At the novel's heart is the Blue Flower, a symbol that Fritz believes represents the ultimate goal of his poetic and spiritual quest. For Fritz, the Blue Flower represents a kind of transcendent, mystical love that is beyond the ordinary world of human relationships and Sophie becomes the embodiment of this ideal. In many ways, the Blue Flower represents a kind of hope or aspiration that is always just out of reach, but which drives us forward nonetheless. It is the objective correlative of the German Romantic ideal; it "is never found in this world; poets may at times dimly feel its nearness, and perhaps even catch a glimpse of it . . . but it is vain to try to pluck it" (Boyesen 695). Fritz feels its nearness in Sophie but her early death illustrates the inability of finding and keeping it and the continual desire to search for it.
In the end, The Blue Flower is a novel about the lasting power of hope, even in the face of loss and disappointment. Fritz's quest for the Blue Flower may be ultimately futile, but it is also a testament to the human spirit and the enduring power of the human imagination. What we learn from the novel is that what is important is not the possession of the flower, but the search for it. Ultimately, this search for meaning and purpose gives our lives depth and richness, even in the face of insurmountable loss.
There are literary works that haunt me. I remember reading for the first time Jorge Luis Borges' Ficciones. For several years after, scenes from the stories would come to me unbidden, almost as though they were half-forgotten memories. Penelope Fitzgerald's The Blue Flower will take its place alongside Ficciones and the novel will become a memory of lives I never lived and people I never met.
Works Cited
Boyesen, Hjalmar Hjorth. “Novalis and the Blue Flower: The Romantic School in Germany.” The Atlantic, 1875, pp. 689–698.

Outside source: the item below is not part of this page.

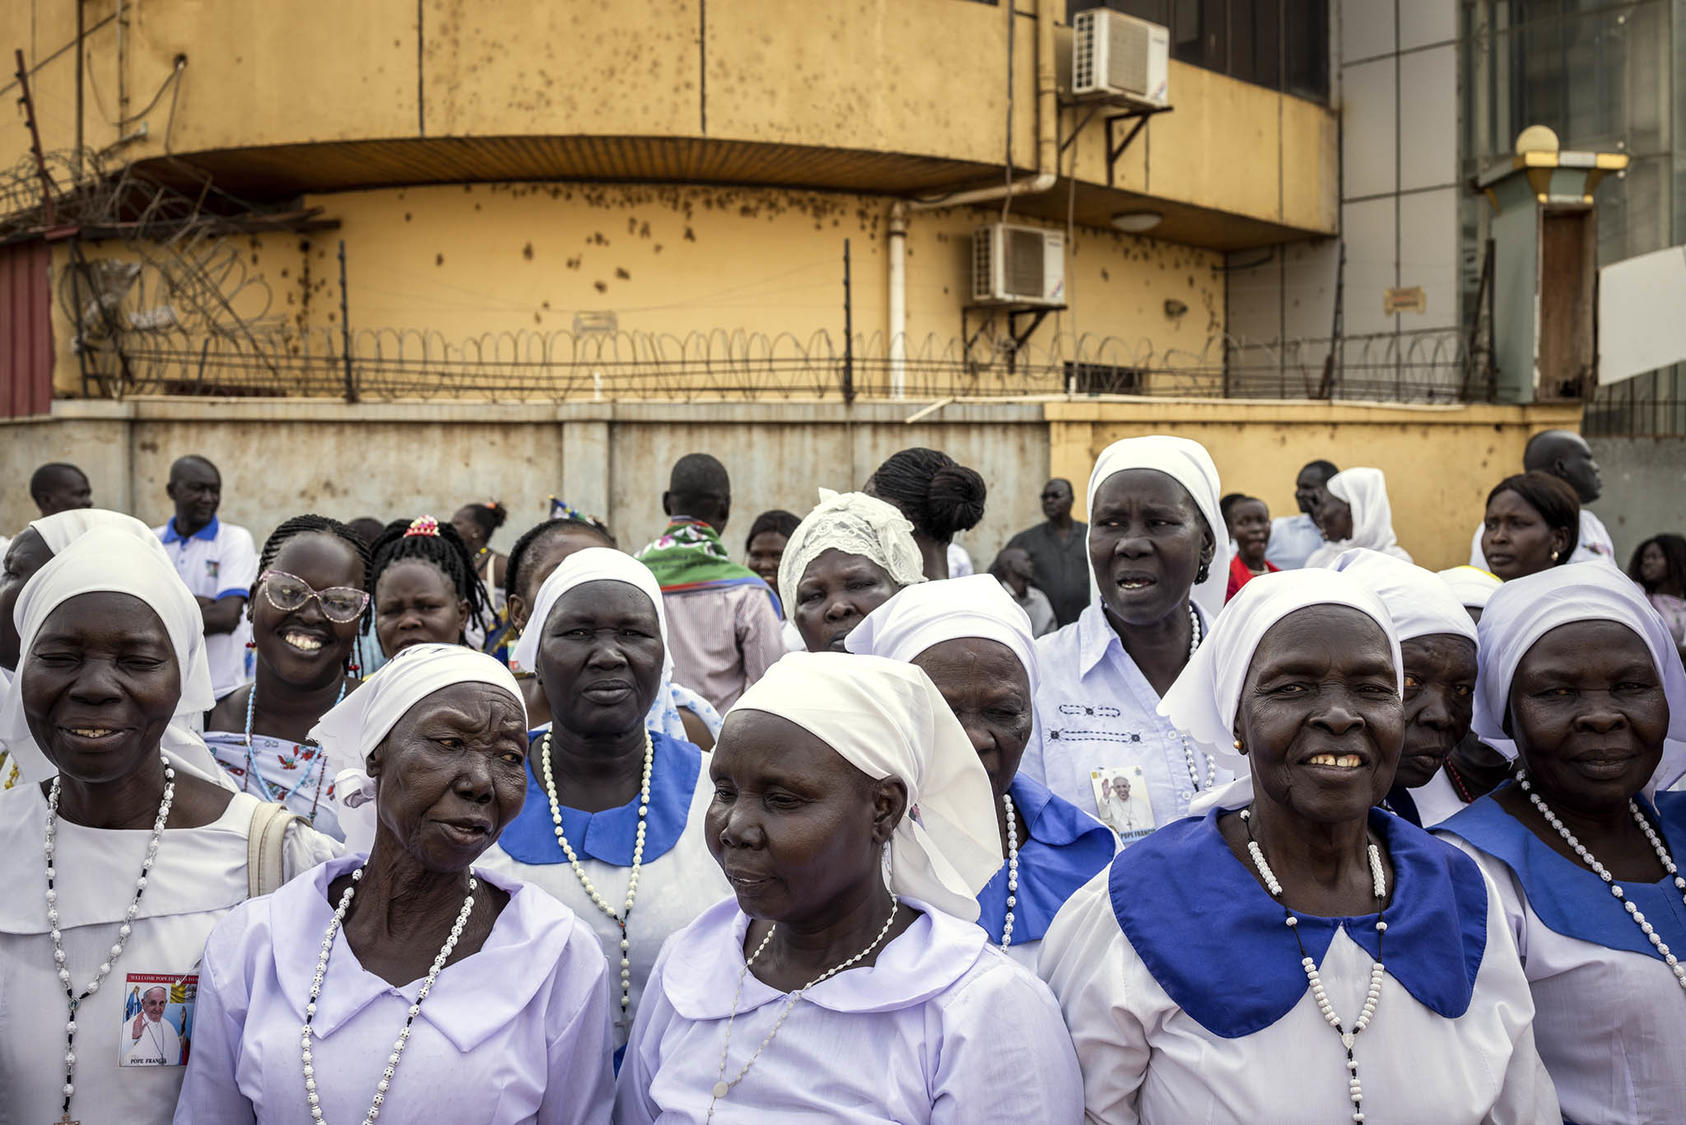 Nuns gather outside the airport in Juba, South Sudan to welcome Pope Francis on Friday, Feb. 3, 2023. (Jim Huylebroek/The New York Times)

Dellming, Elisabet. “Imagination, Irreality, and the Constitution of Knowledge in Penelope Fitzgerald’s The Blue Flower.” Anthropoetics: The Journal of Generative Anthropology, vol. XXIII, no. 1, 2017, pp. 1–11.
Felski, Rita. Uses of Literature. Malden, MA and Oxford: Blackwell Publishing. 2008.
Fitzgerald, Penelope. The Blue Flower. 4th Estate, an Imprint of HarperCollins Publishers, 2019.